Chapter Twenty-Two includes more exploration of the Village, such as a scene of children in the play area singing this oh-so-clever variant on a classic children's song:

Every day I walk my board
Walk my board
Walk my board
Every day I walk my board
For my fair Republic

I realize that this is meant to be creepy, but all I thought as I read it was "That last line doesn't scan at all."

Aside from a new setting, there's one other thing that this chapter brings to the table - character motivation. One of Vonnegut's rules is that every character should want something, but Emmeline hasn't exactly been keeping up her side. For most of the novel thus far, she's been a passive little tabula rasa waiting for someone else to tell her what to do. By this point, however, she has a few motivations. Here's a rough list:

  1. Find Elsa and, if possible, take her out of the Village;
  2. Hot sex with sexy David;
  3. Escape from the silliest dystopian city ever.

Given her behavior over the next few chapters, I think there's another item that belongs there:

  1. Get caught.

Seriously, if Winston Smith had taken this many meaningless risks, he'd have been in Miniluv around page 10. Here's an early example:

"Your responsibilities will include hourly rounds on all the children. Between rounds you'll be stationed in the infants' area."

"With Elsa," I finished.

Now I know what you're thinking: "This isn't a risk. Joan is a friend." Except not five pages earlier, we had this:

[Joan] didn't look at John and he didn't look at her. That must be something that can be monitored.

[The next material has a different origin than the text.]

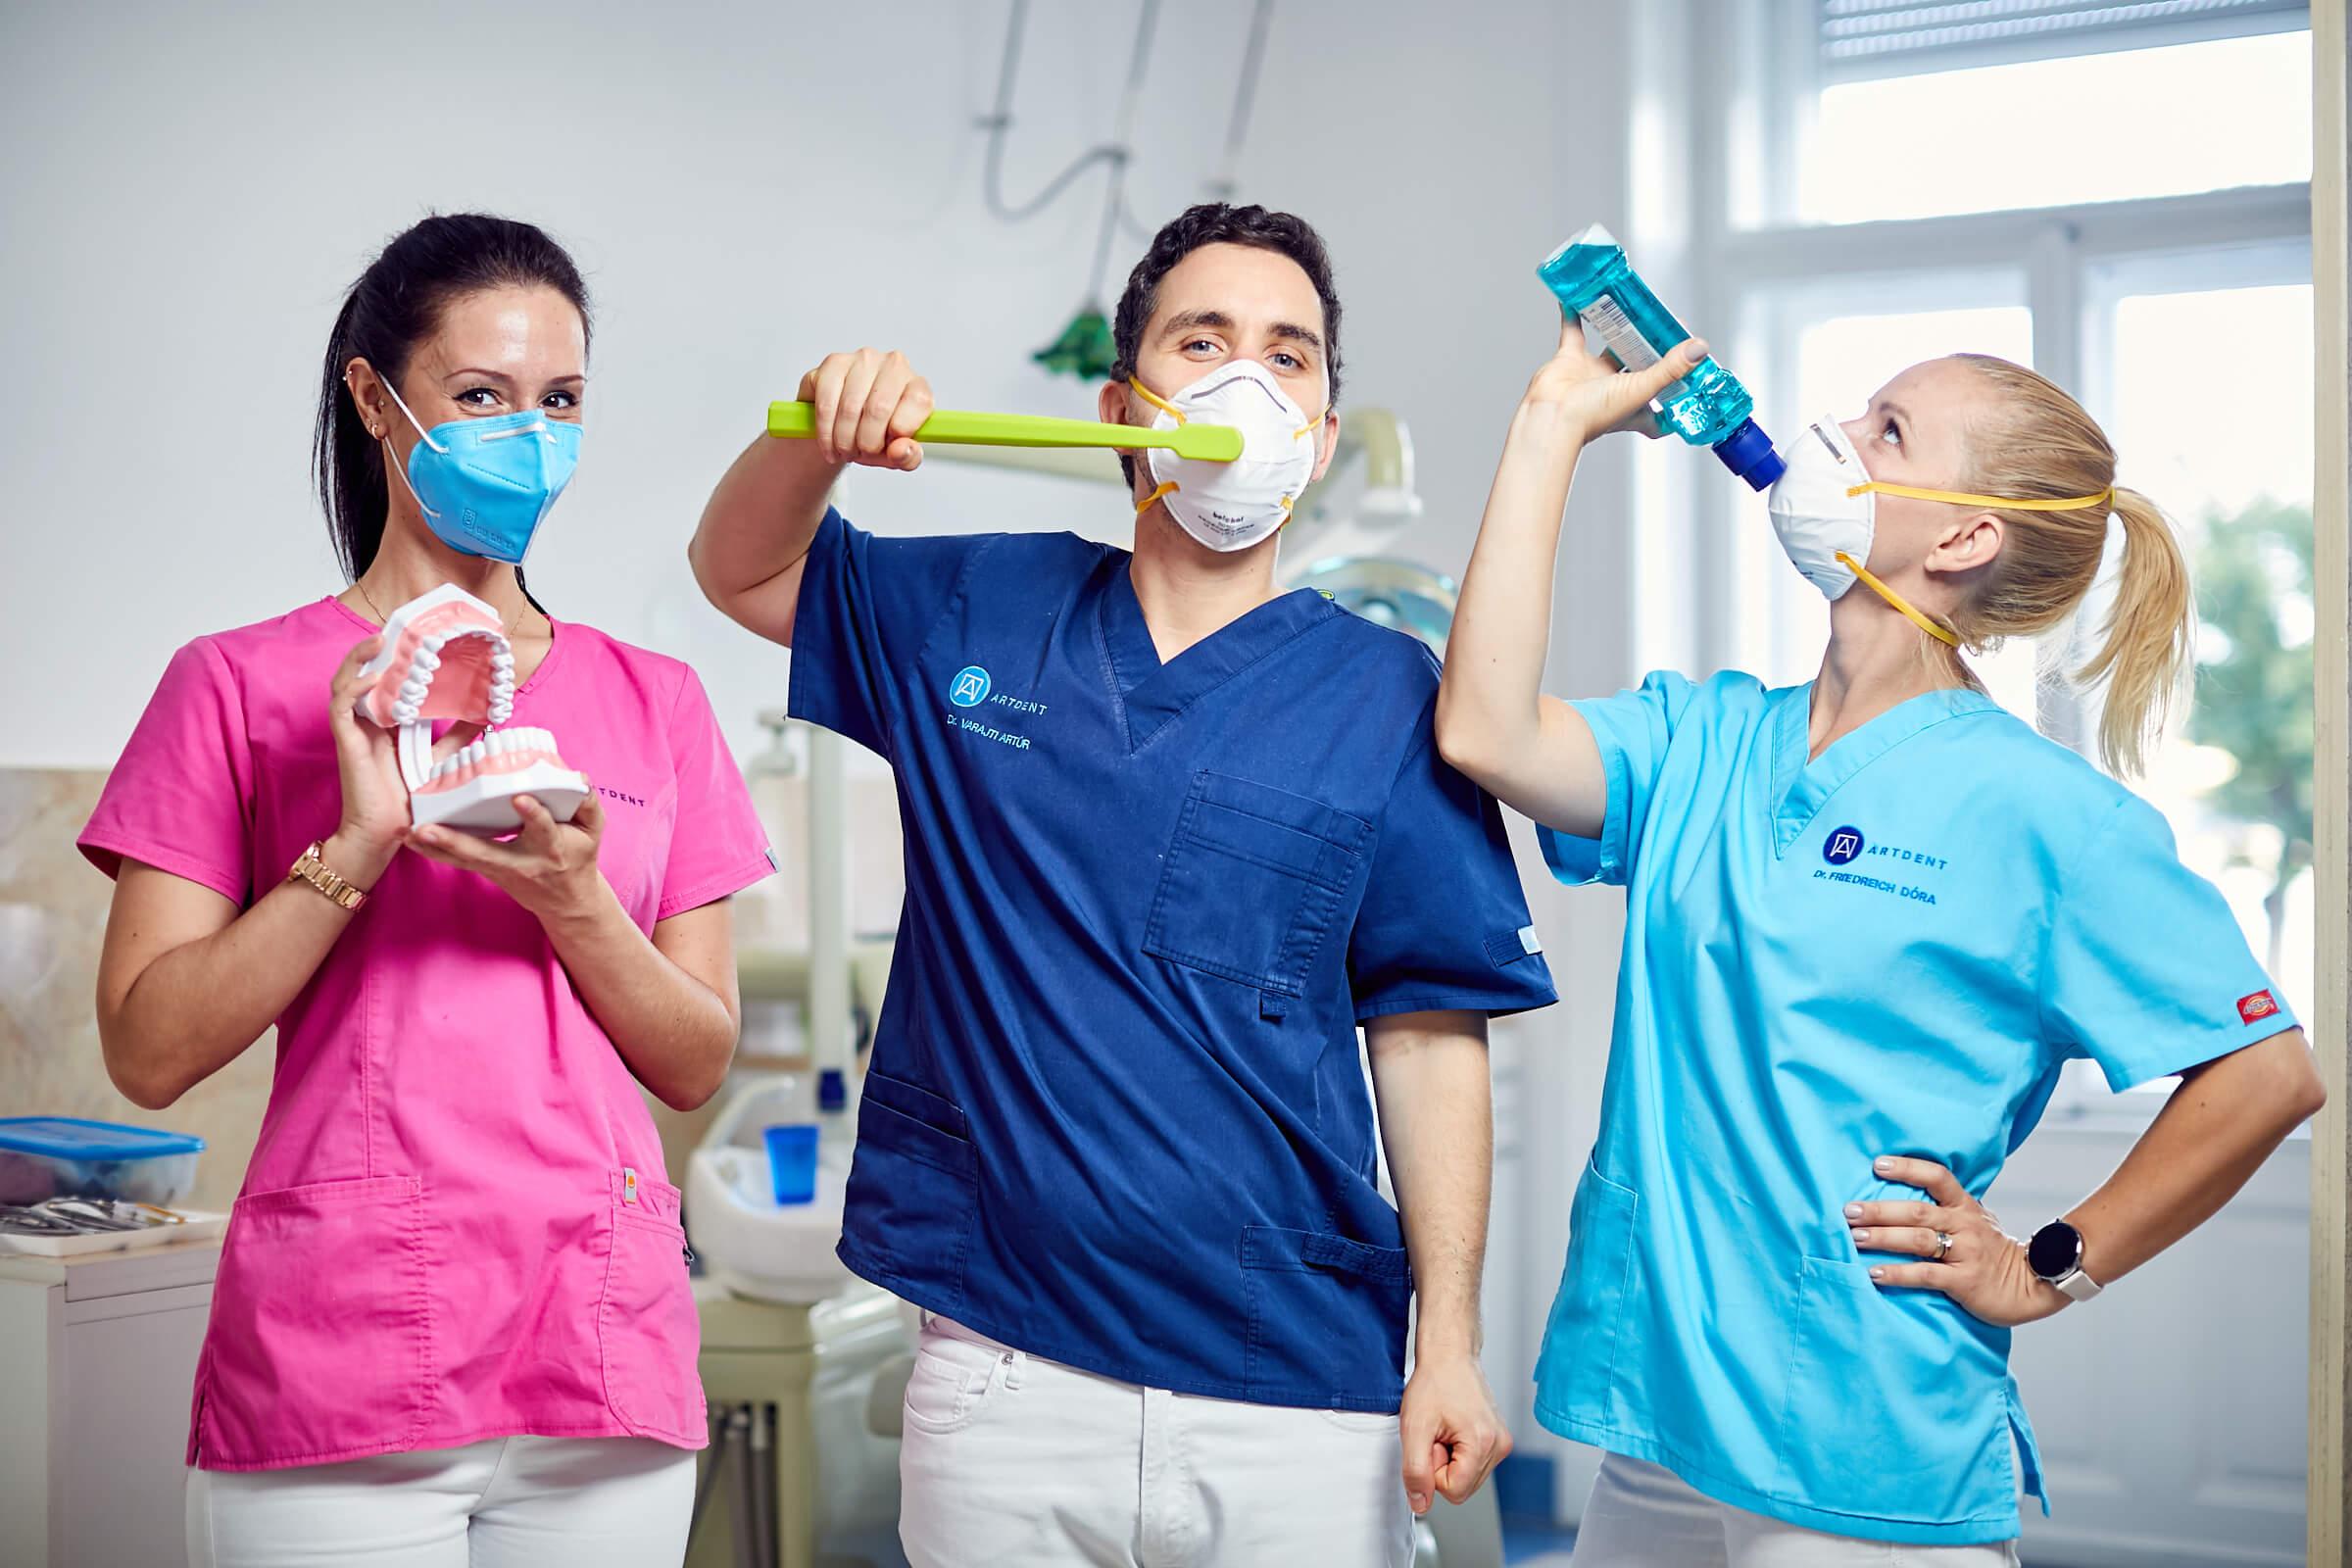 Dr. Varajti Artús és kollégái eszközöket mutatnak a fogínyvérzés megszüntetésére.

So Joan was careful not to look at her husband because that might somehow give away the game, and yet we now have Our Capable Protagonist openly discussing the daughter she isn't supposed to know about. Did I mention that, as she altered records, Joan is neck-deep in this and will also be in peril if Emmeline is caught?

Not that it matters, as Emmeline is our Mary Sue and they're never in any real danger.

The literary term "Mary Sue" (sometimes masculinized as "Gary Stu" or "Marty Stu") is thrown around a lot when discussing bad writing, but it's misused more often than not. The term originates in the fanfiction community, where it refers to a type of wish fulfillment character who is connected to all of the official in-universe characters and yet is more important than any of them. The term later found its way into the world of original fiction, where the meaning is a little muddy. People define the term in a lot of different ways; some argue that it has become too broadly defined to be of any use.

To use the most widely accepted definitions: A Mary Sue is a type of highly idealized character - preternaturally skilled, beloved by all (except the villains), and critically, centrally important to everything that happens in the story. S/he is often (but not always) an authorial self-insert, a character meant to represent the author in the story. As a character loved by his/her inventor, a Mary Sue faces no setbacks and no problems that rise beyond the level of nuisances. Above all, the Mary Sue is unique, better than everyone else and unbound by the normal rules.

Let's look at Emmeline. She is consistently depicted as being better at her peers by dint of being "home-raised,"* which is very rare. She has had no real obstacles - all of her problems have been defused in a paragraph or two without so much as a trace of sweat. Most telling, her entire current circumstances - where she is working at a special job while also being married off to a normally chaste Gatekeeper - is a result of a special dispensation. That's right - the evil, tyrannical, mindlessly inflexible future government is breaking its own rules to make Emmeline happy.

"But what about those first few chapters?" I hear you say. "She faced plenty of adversity there." Par for the course, my friend. Remember that those were flashbacks, events that had already come to pass. It's actually not unusual for a Mary Sue to have an arbitrarily traumatic background. Some of them get really grim - Emmeline's history is tame compared to some of the blood-soaked Mary Sue backstories I've seen. Giving the Mary Sue a tragic background is an easy way for the author to gin up some sympathy for a character s/he wants everyone to love. Everything that happens in the present time of the story is smooth sailing. And by the way...

...that's going to be true here, too. It doesn't matter how many times Emmeline acts insubordinate, or speaks out of line, or lets slip something she shouldn't. Nothing bad happens, because she is protected by the power of plot. The plot doesn't call for Emmeline to be dragged off, so she won't be, and that's simply the state of things.

*  *  *  *  *

*Yes, it was "homeschooled" earlier. It will be "home-raised" for the rest of the story. This book was professionally edited and published under a major imprint.